DATASET EXCERPT:
════

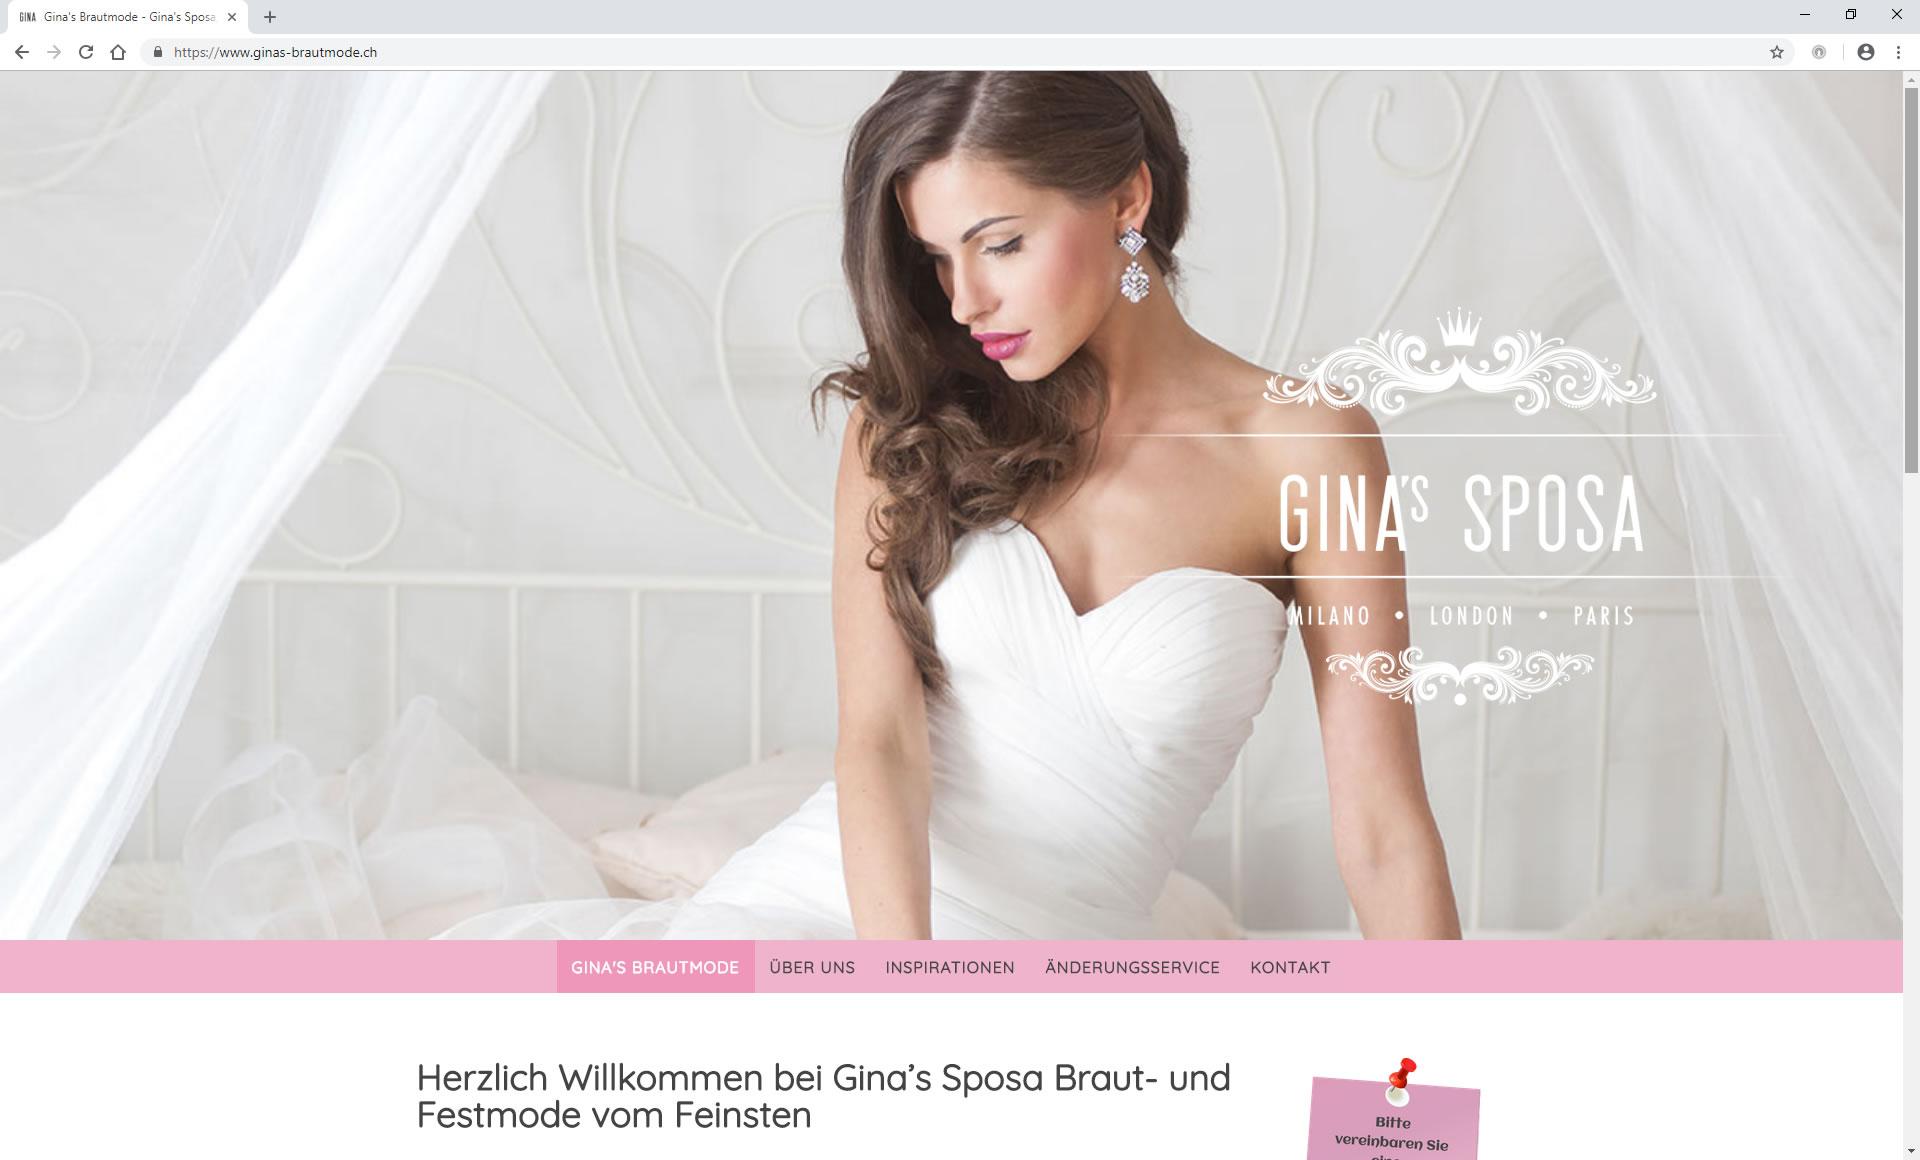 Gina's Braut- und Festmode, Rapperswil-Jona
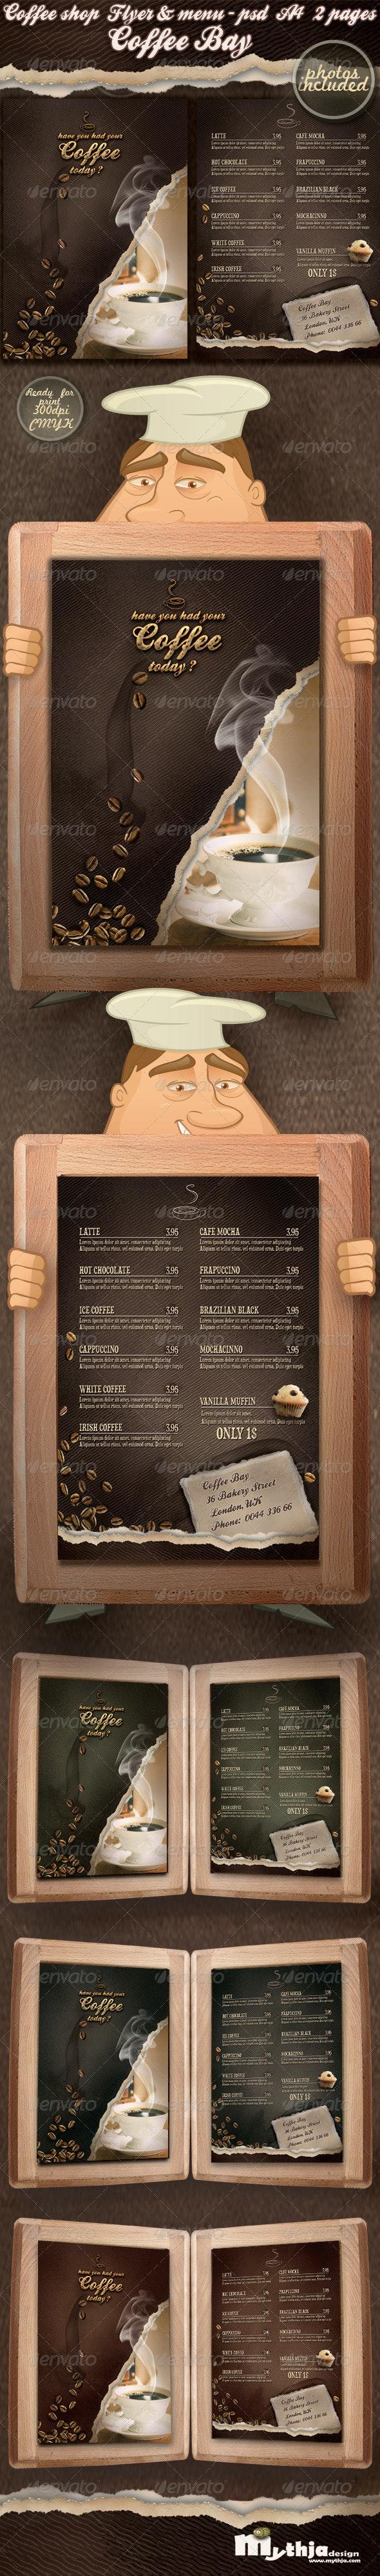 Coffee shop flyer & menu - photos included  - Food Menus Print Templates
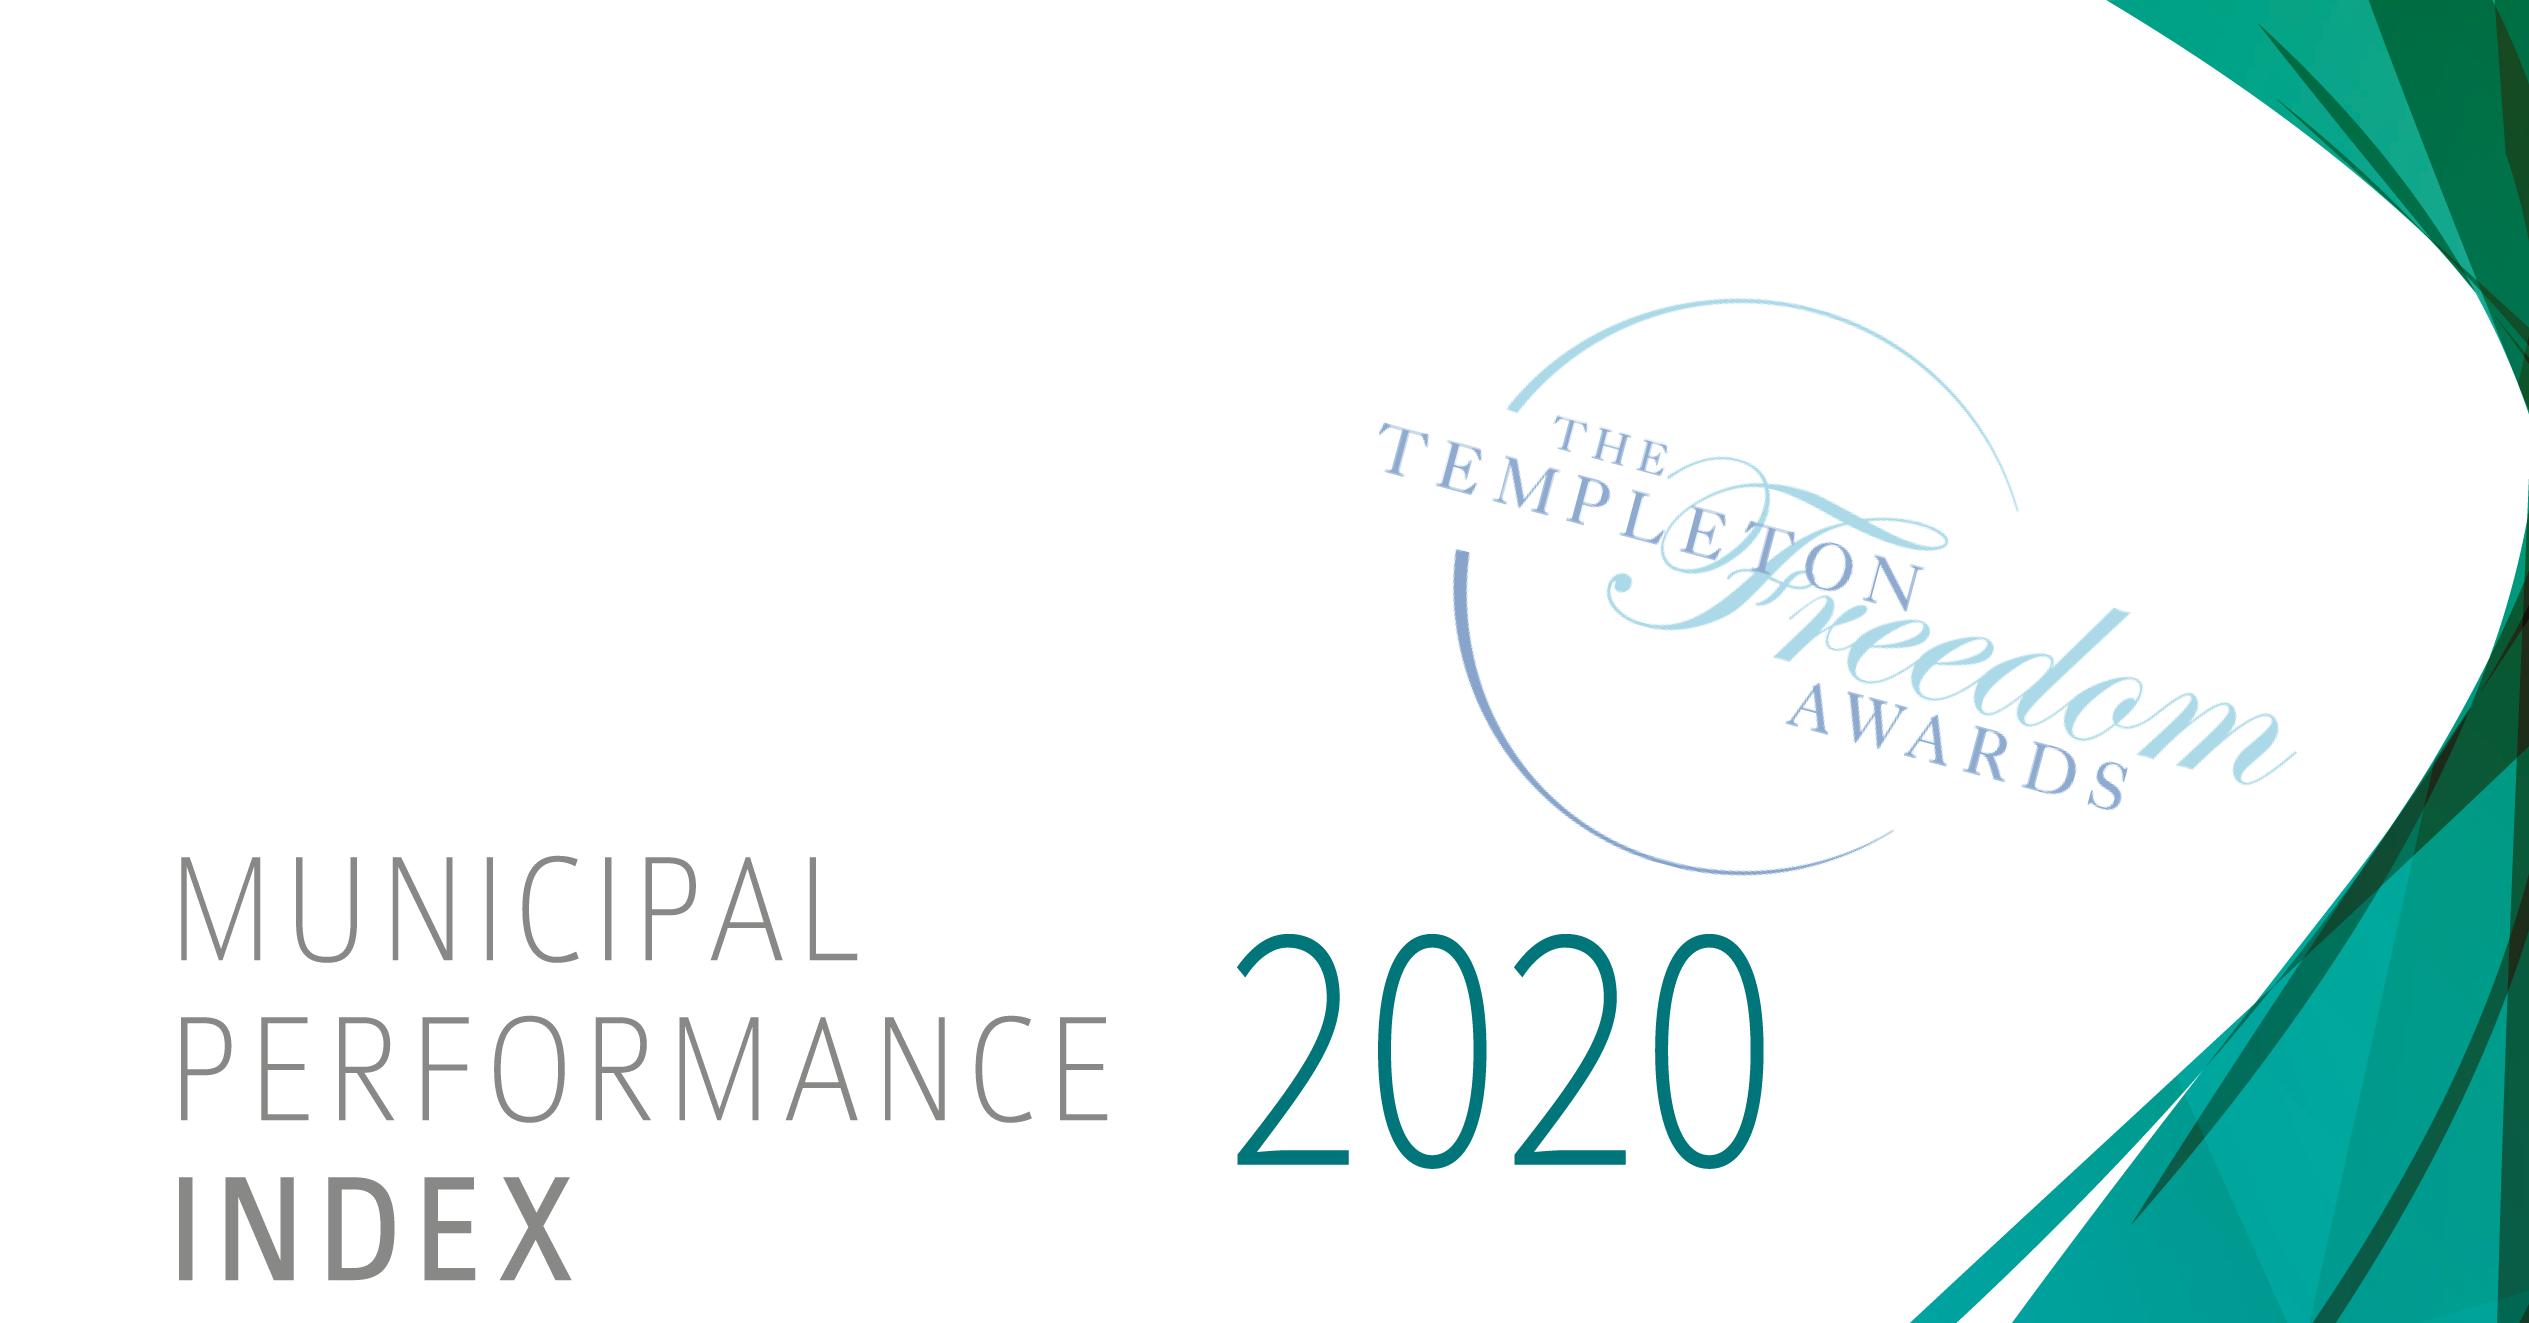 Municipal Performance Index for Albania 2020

════

PROBLEM TO WORK ON:
Exact reproduction is required for the lines from the one containing "Coffee shop flyer" through the end of the material, and for those lines only, without pictures.

SOLUTION TO THE EXERCISE:
 Coffee shop flyer & menu - photos included  - Food Menus Print Templates
 Municipal Performance Index for Albania 2020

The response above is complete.